В субботу, когда уже стемнело, я собирался выходить из дома, чтобы поехать на пустырь. Стоял и одевался в прихожей, когда на мою тетку что-то нашло. Так не вовремя она была в плохом настроении и решила устроить мне спонтанный разнос: пока я зашнуровывал ботинки, стараясь ее игнорировать, она кричала, чуть не срываясь на плач. Она говорила, что ей не нравится, что я делаю со своей жизнью и с жизнью своих родителей – обычное дело, чтобы развести ссору на ровном месте. Мне кажется, настоящая причина была в том, что тетке просто не особенно улыбалось, что меня отселили к ней. Впрочем, мне было все равно. Когда я поднялся и сказал, что и сам не знаю, что делаю с собственной жизнью, она вдруг как в припадке схватила мой плеер, оторвав его от меня вместе с наушниками, и со свей силы метнула в стену. Я слышал, как что-то у него внутри хрустнуло, и он упал, потухший и замолкший, на пол. Я не был зол на тетку, просто закрыл за собой дверь, но внутри у меня было пусто, как будто меня только что лишили какой-то моей важной части, вырвали внутренний орган. Я остался один в тишине, со мной уже не было музыки, поэтому дорога до пустыря превратилась в сущий ад, ничто теперь не могло спасти меня от собственных мыслей. Мне подумалось, что, если бы в одну из тех бесконечных минут мне предложили стереть меня вместе со всеми доказательствами своего существования, я бы не раздумывая согласился.
5.
Первая встретила меня на пороге у железной двери с приятной неживой улыбкой, как в прошлый раз. Я же находился в отвратительном настроении, и, кажется, Первая это заметила. Пока я вытирал ноги, она слегка дотронулась до моего плеча и сказала своим тихим голосом, что узнала меня, а потом поинтересовалась, почему меня не было на предыдущей ночи откровений. Я соврал, что у меня были дела. «Разве у уставших от жизни бывают дела?» – спросила Первая. И, в общем, была права, так что я не нашел, что ответить.
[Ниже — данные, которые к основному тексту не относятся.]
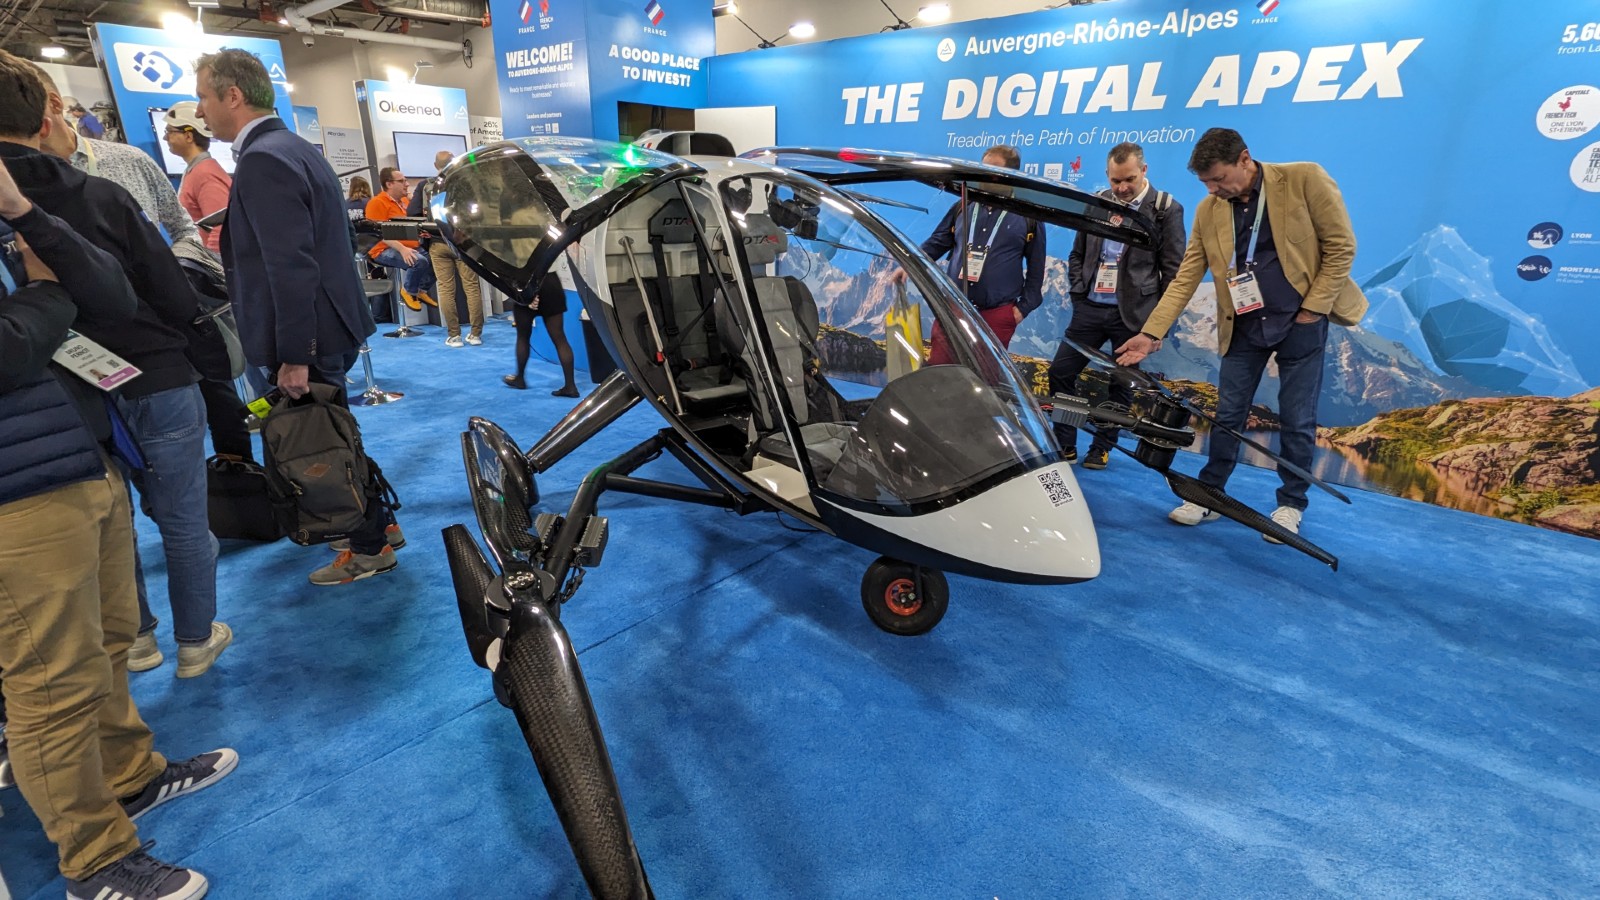 Digital Apex is a drone on display at the exhibition.
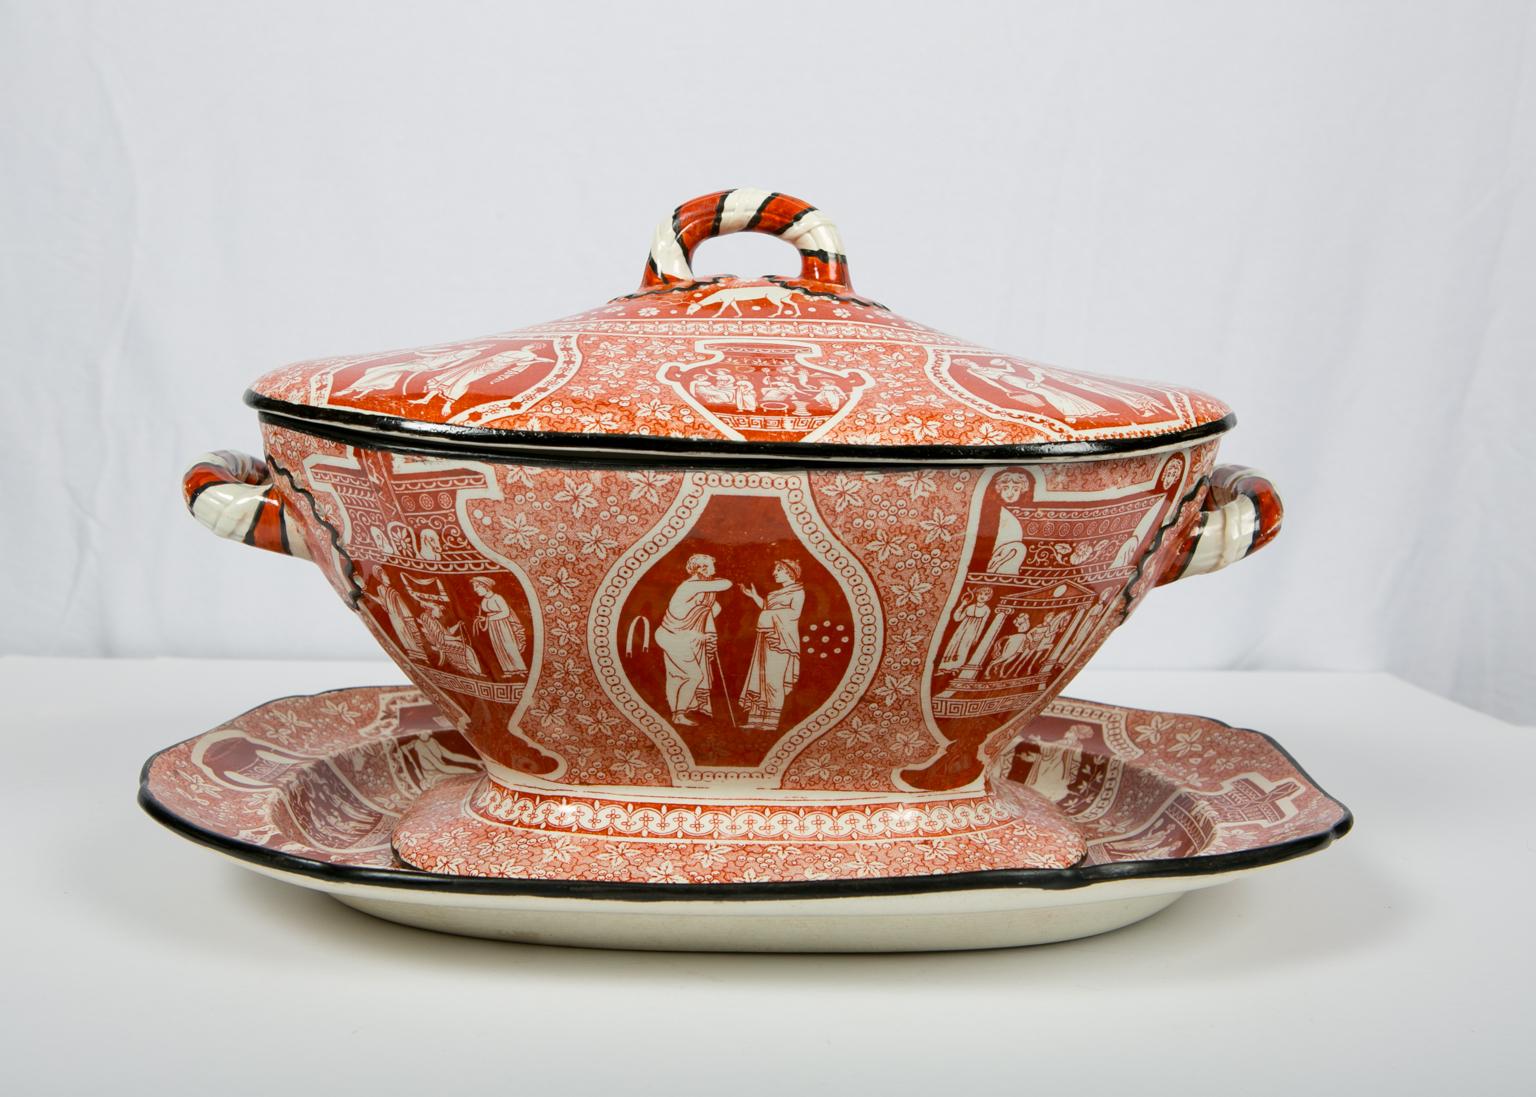 Neoclassical Antique Red Greek Ware Soup Tureen Decorated with Classical Figures circa 1810

Войдя внутрь, я сразу же отыскал глазами Алису – она сидела все в той же черной майке с надписью «Nirvana» у дальней стены – и, увидев ее на прежнем месте, немного успокоился. Я пересек комнату, чтобы опуститься на пол рядом с ней. Алиса не посмотрела на меня или просто притворилась, что не посмотрела, а я тоже изобразил незаинтересованность. Я просидел так, не поворачивая головы, как мне казалось, целую вечность, но все равно мог видеть ее бледный профиль боковым зрением, в сырой темноте мог слушать ее дыхание, чувствовать ее запах. Даже находясь в этом странном положении, я успел заметить, что руки Алисы были художественно порезаны: ее бледные запястья покрывали не просто шрамы, а рисунки, от которых веяло какой-то трагичной, безумной, гипнотической, нездоровой красотой. Мы были друг другу как будто безразличны, мы даже не были знакомы, но я готов был поклясться, что понимаю ее. Одиночество Алисы уже вошло в привычку, как и мое, и, наверно, поэтому мы, привыкшие быть одинокими, так и не заговорили друг с другом хотя бы из вежливости вплоть до одиннадцати, пока в комнате с розовым слоном собирались опоздавшие призраки. Меня очень смущало это молчание между нами, внутри я кипел и ругал себя матом, но все же ничего поделать не мог. А потом струна порвалась, и началась ночь откровений.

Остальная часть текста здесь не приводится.